И вот мужчина, который заполнял для себя меру, вдруг обнаружил, что между стволом и корой засунута записка, в которой какой-то заключенный просил сообщить родным в Грузию, что он жив. Сразу же продажу дров прекратили, вызвали милицию. Надо полагать, что добрая весть до родных не дошла.
Репрессии возобновились и после войны, но не с такой силой.

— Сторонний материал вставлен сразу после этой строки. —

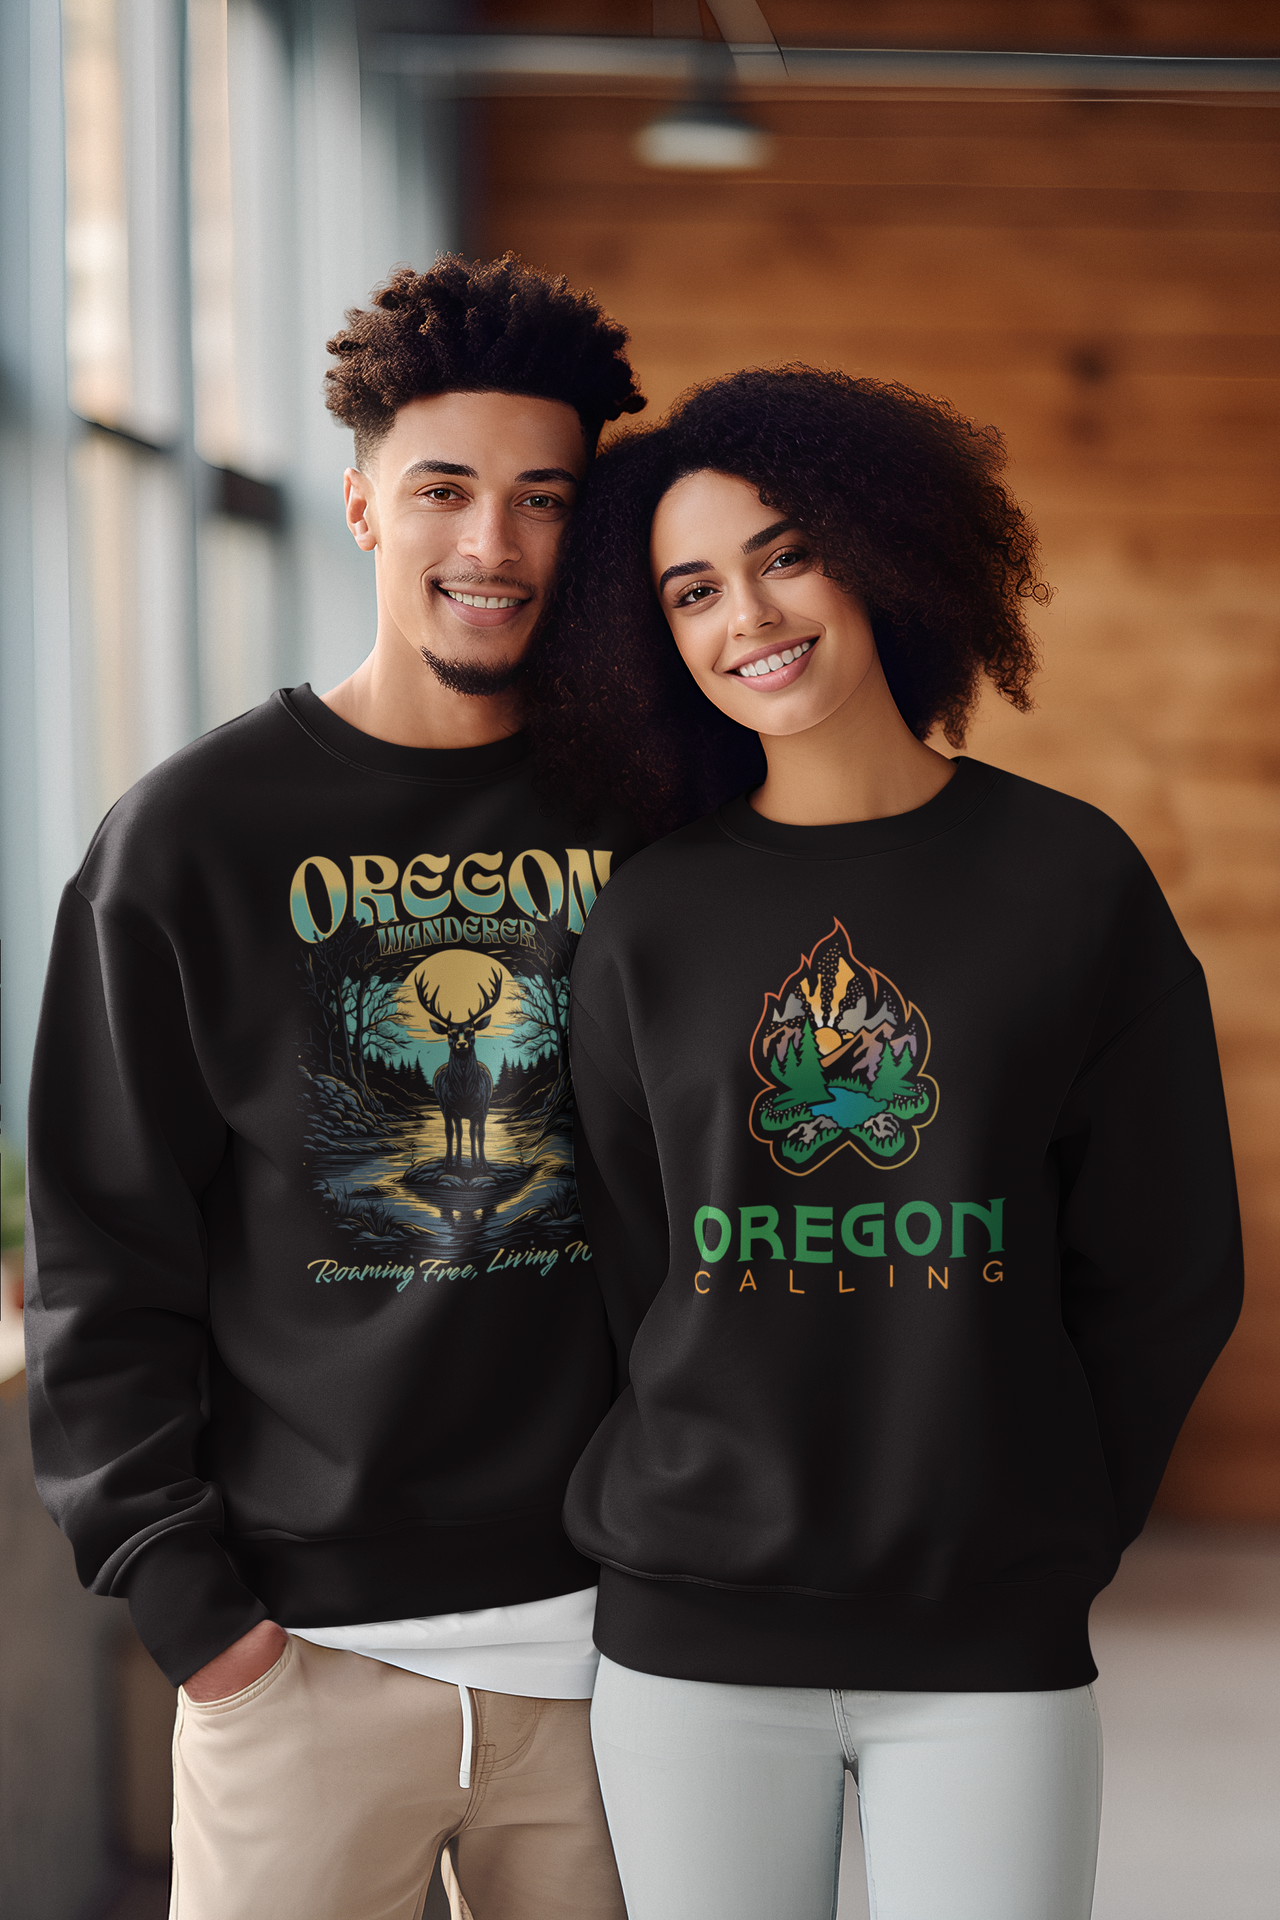 Oregon Calling - Unisex Premium Sweatshirt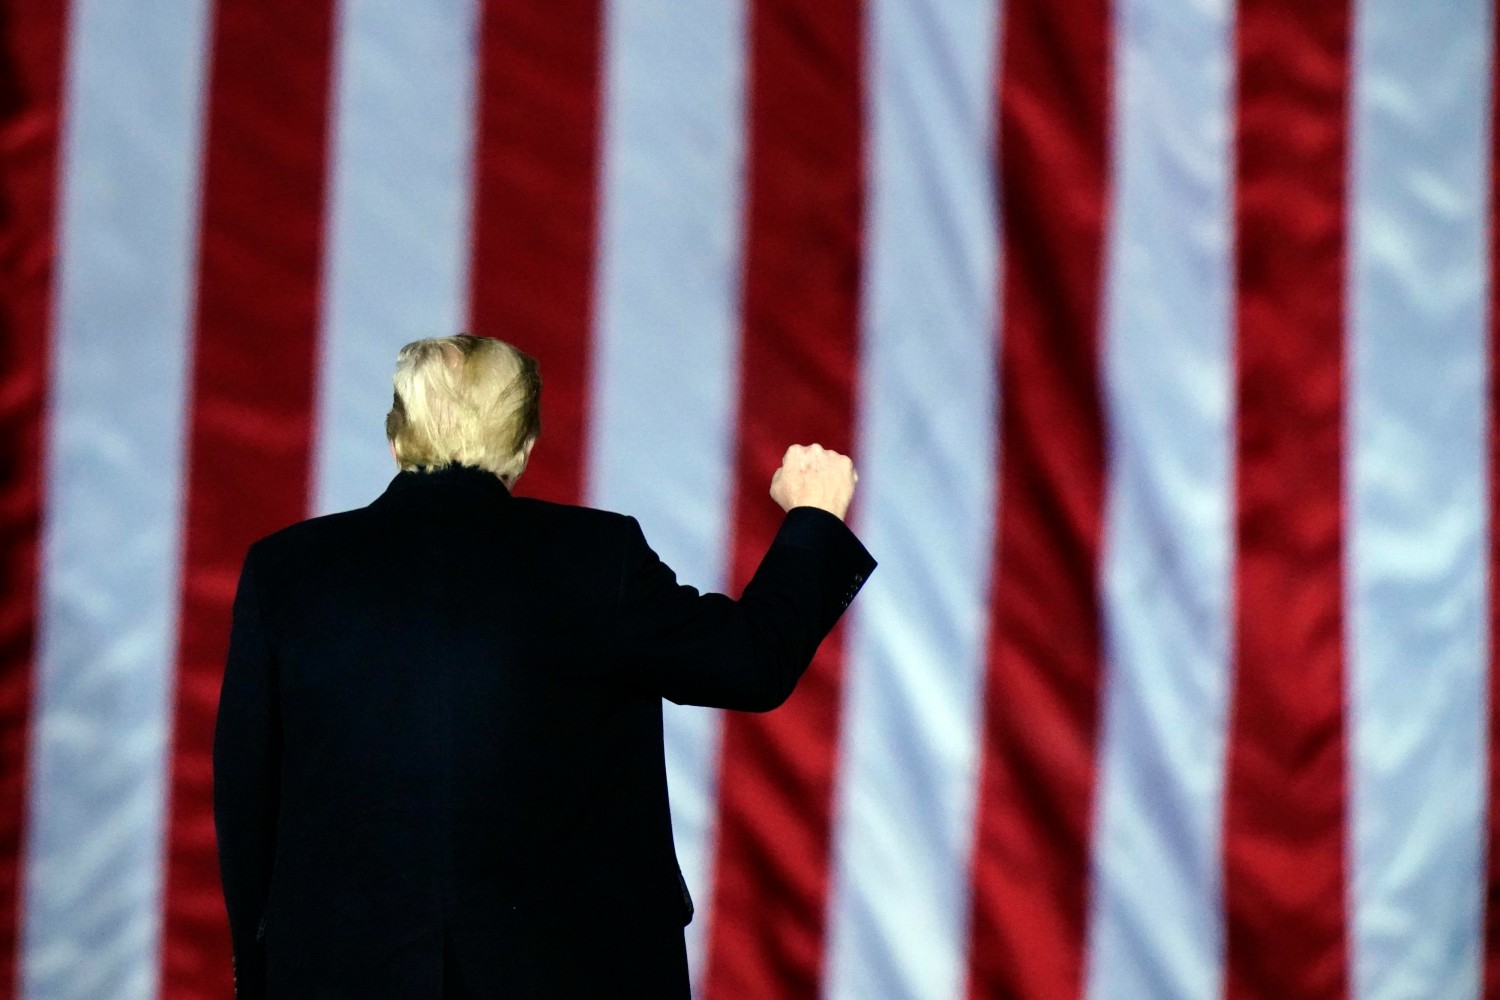 Амерички председник Доналд Трамп гестикулира стиснутом песницом током предизборног скупа подршке републиканским кандидатима за Сенат из Џорџије, Далтон, 04. јануар 2021. (Фото: AP Photo/Brynn Anderson)

1948 год. Я ученица десятого класса. Поехала попрощаться с родственницей Еленой Семеновной. Она отбывала в ссылку. Жила Елена Семеновна в большом доме на втором этаже вблизи Политехнического музея. Когда я подошла к двери и позвонила в квартиру, то оглянувшись, заметила молодого человека, который сидел на ступеньках. Я вошла в квартиру. Мы с Еленой Семеновной пили чай, беседовали. Она расспрашивала меня о моей жизни и все никак не отпускала. А когда, попрощавшись, как оказалось, навсегда, я вышла из квартиры, молодой человек, сидевший на лестнице, не скрываясь, последовал за мной. У Политехнического музея я села в трамвай и поехала к себе домой. Молодой человек тоже вскочил в этот же трамвай и стал рядом, но так, чтобы я неожиданно на остановке не могла выскочить. Так мы доехали до Крестьянской заставы. Там я вышла, он последовал за мной и проводил до самых ворот. Позднее моя тетушка Виктория мне говорила, что следующий круг после Елены Семеновны – она и ее муж, а потом мои родители и я – вполне взрослая девятнадцатилетняя девушка. Но к счастью, очередь до нас не дошла.
А Елена Семеновна через несколько дней уехала. Она была довольна тем, что едет не просто в ссылку, а соединится и будет жить вместе со своей племянницей Наталой, Натальей Алексеевной Рыковой.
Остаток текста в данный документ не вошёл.